§ **Recorded information**
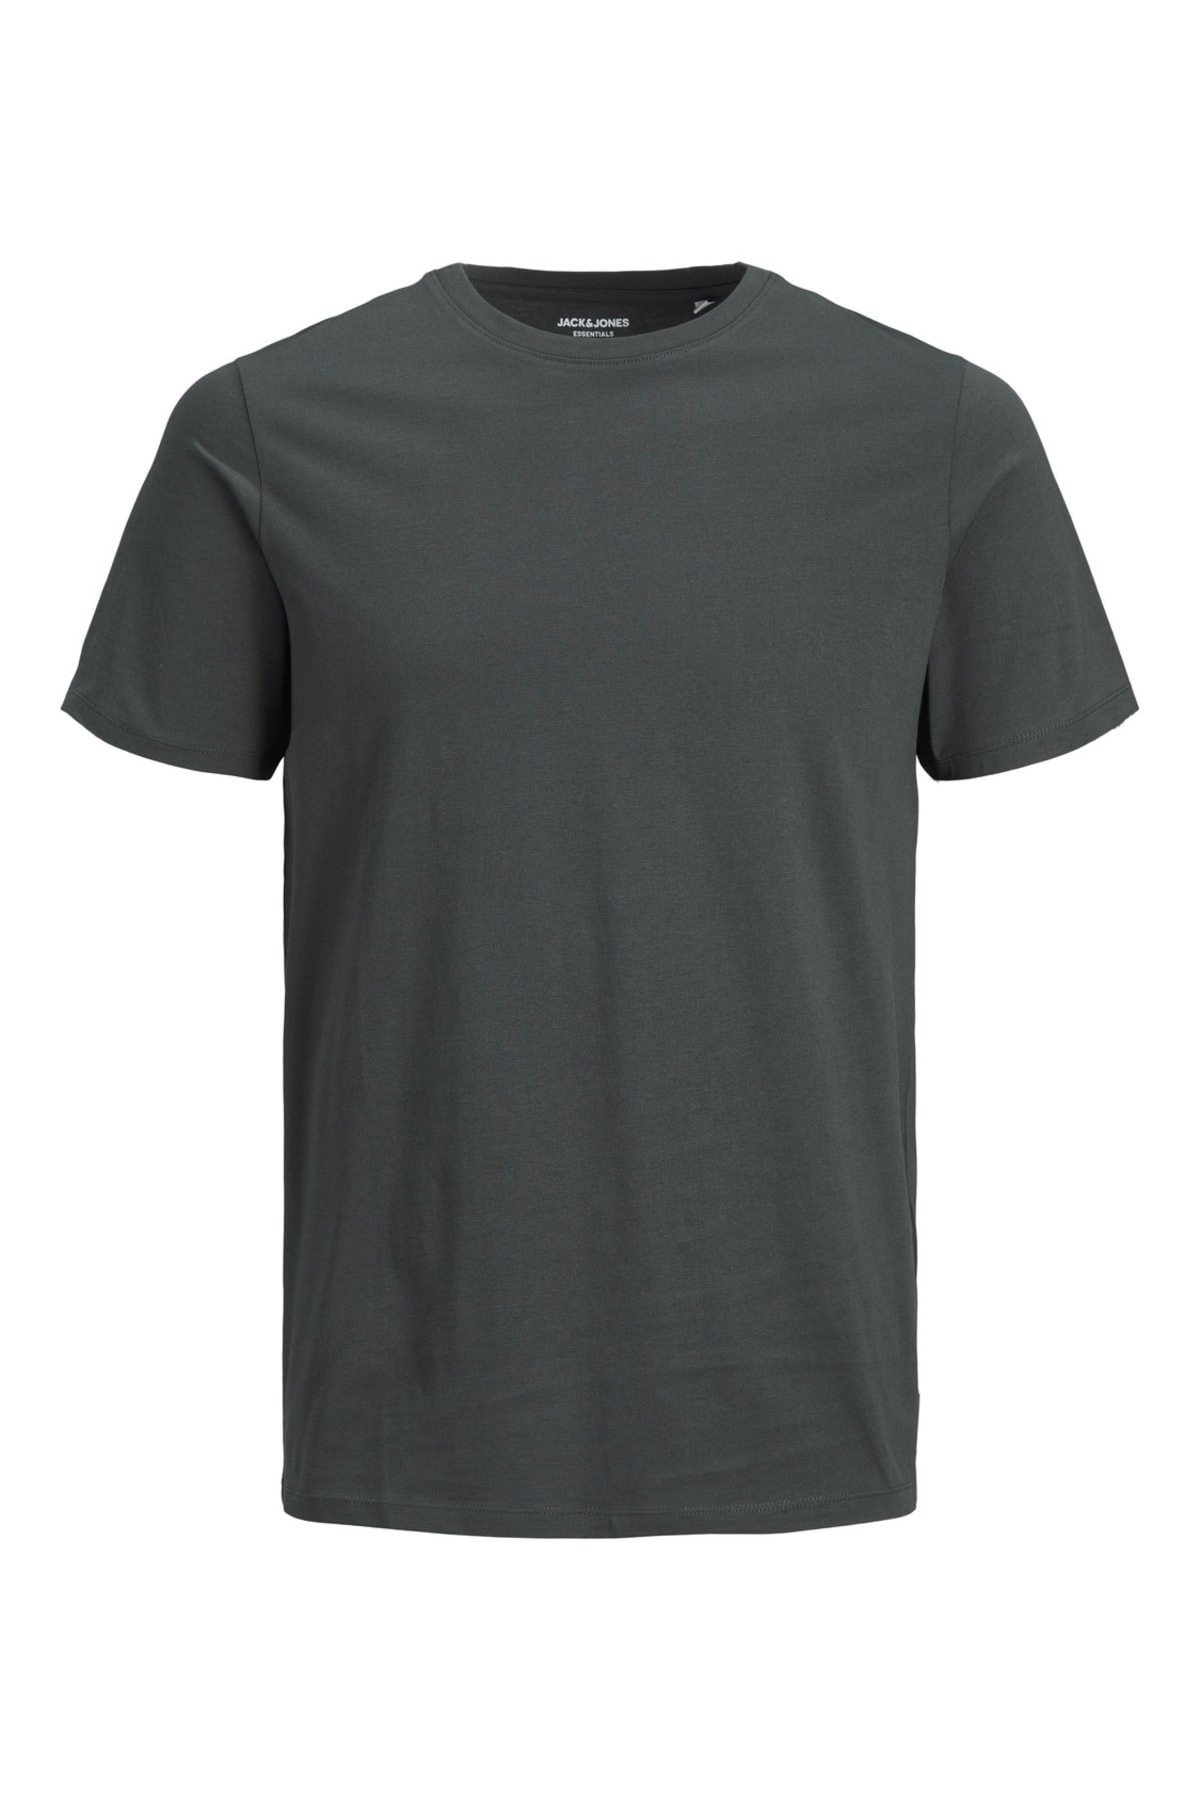 Jack & Jones JJEORGANIC Basic Erkek T-Shirt 12156101 - Asphalt
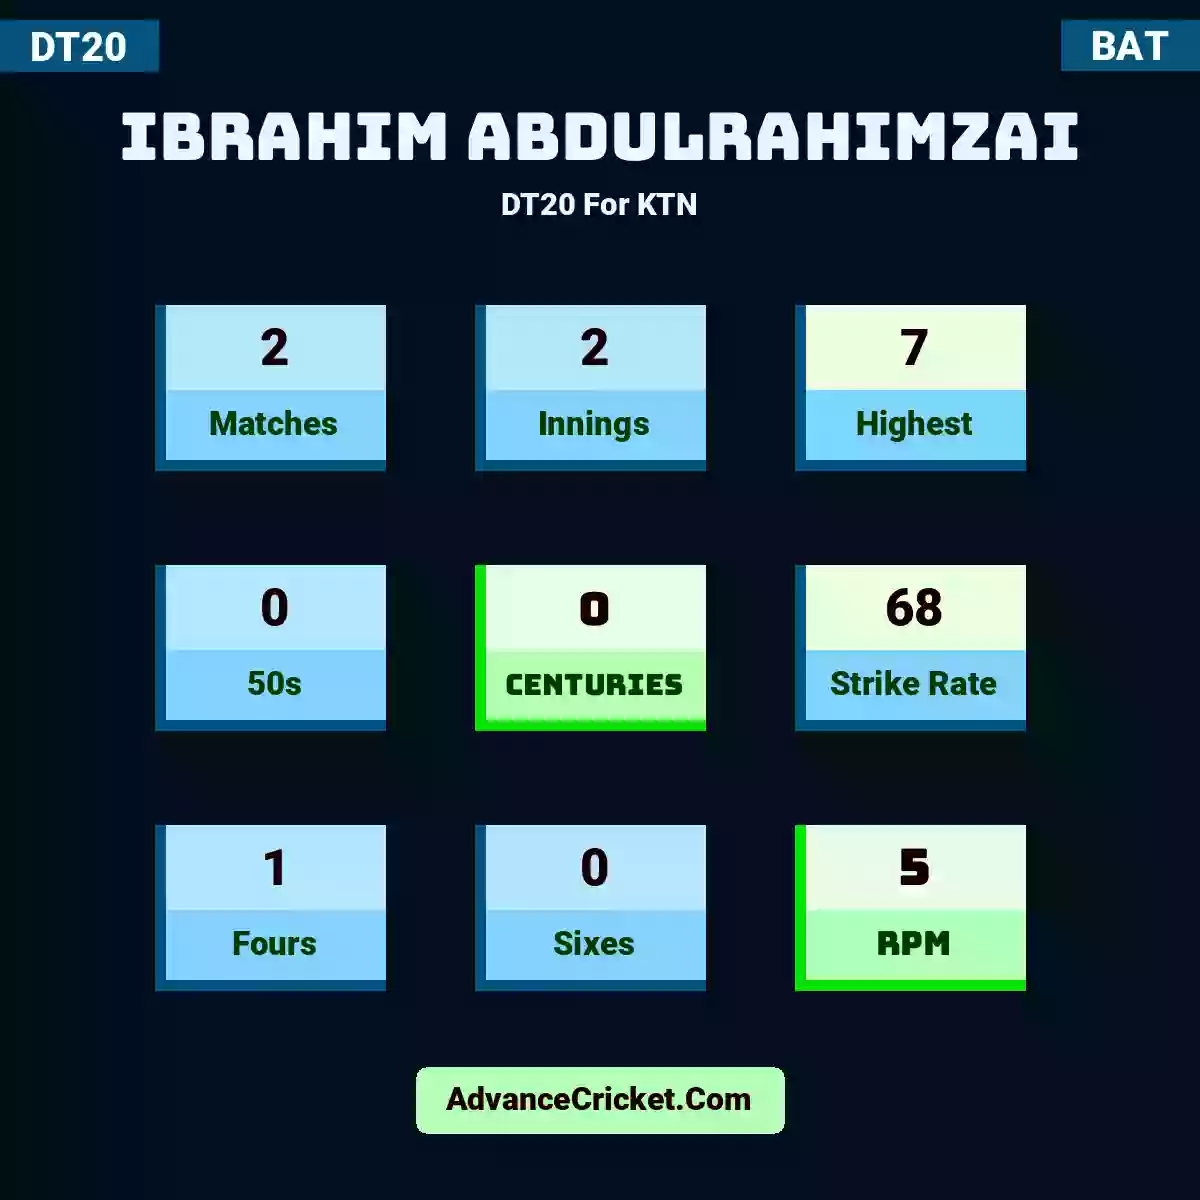 Ibrahim Abdulrahimzai DT20  For KTN, Ibrahim Abdulrahimzai played 2 matches, scored 7 runs as highest, 0 half-centuries, and 0 centuries, with a strike rate of 68. I.Abdulrahimzai hit 1 fours and 0 sixes, with an RPM of 5.
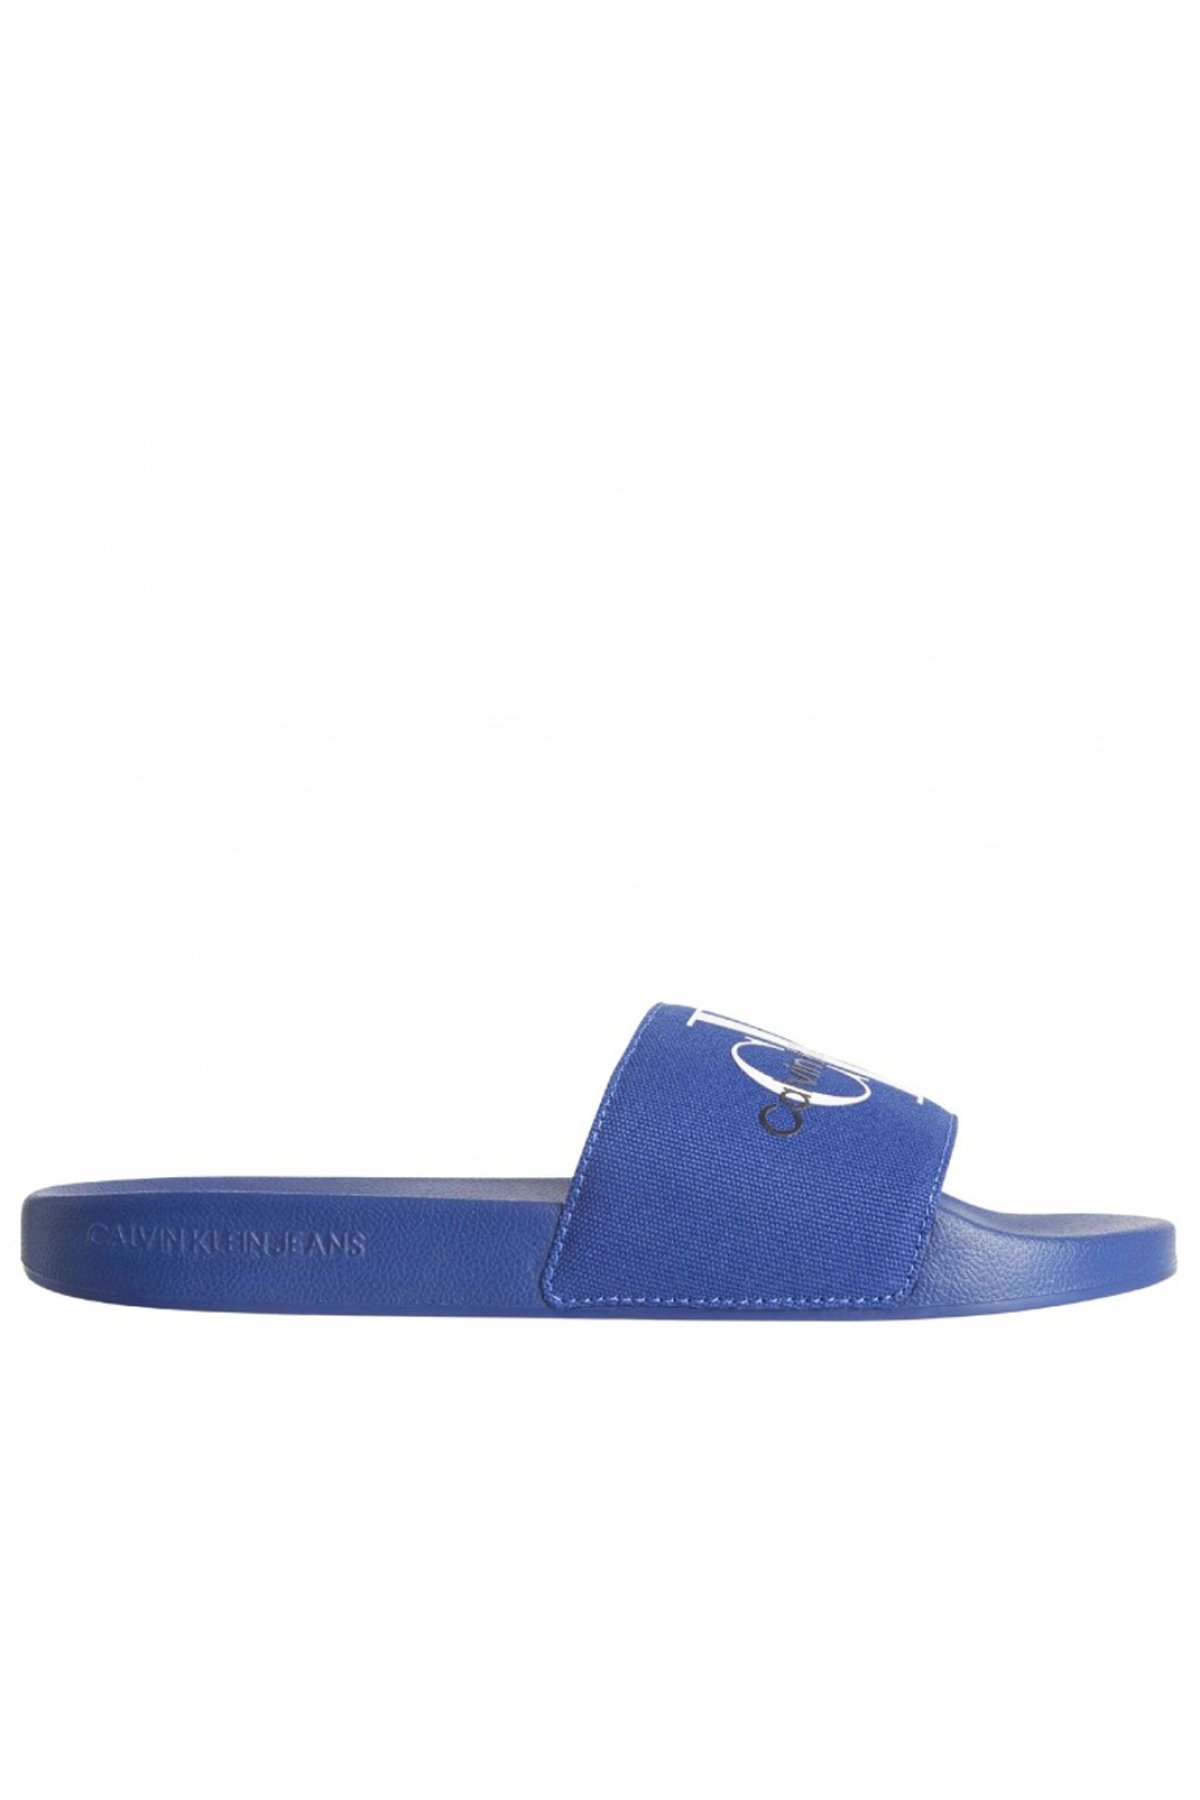 Calvin Klein YM0YM00061 pantofle modré

§ **Description of the task**
The answer is every line of the data, exactly as written, with the pictures dropped.

§ **Reply**
 Jack & Jones JJEORGANIC Basic Erkek T-Shirt 12156101 - Asphalt
 Ibrahim Abdulrahimzai DT20  For KTN, Ibrahim Abdulrahimzai played 2 matches, scored 7 runs as highest, 0 half-centuries, and 0 centuries, with a strike rate of 68. I.Abdulrahimzai hit 1 fours and 0 sixes, with an RPM of 5.
 Calvin Klein YM0YM00061 pantofle modré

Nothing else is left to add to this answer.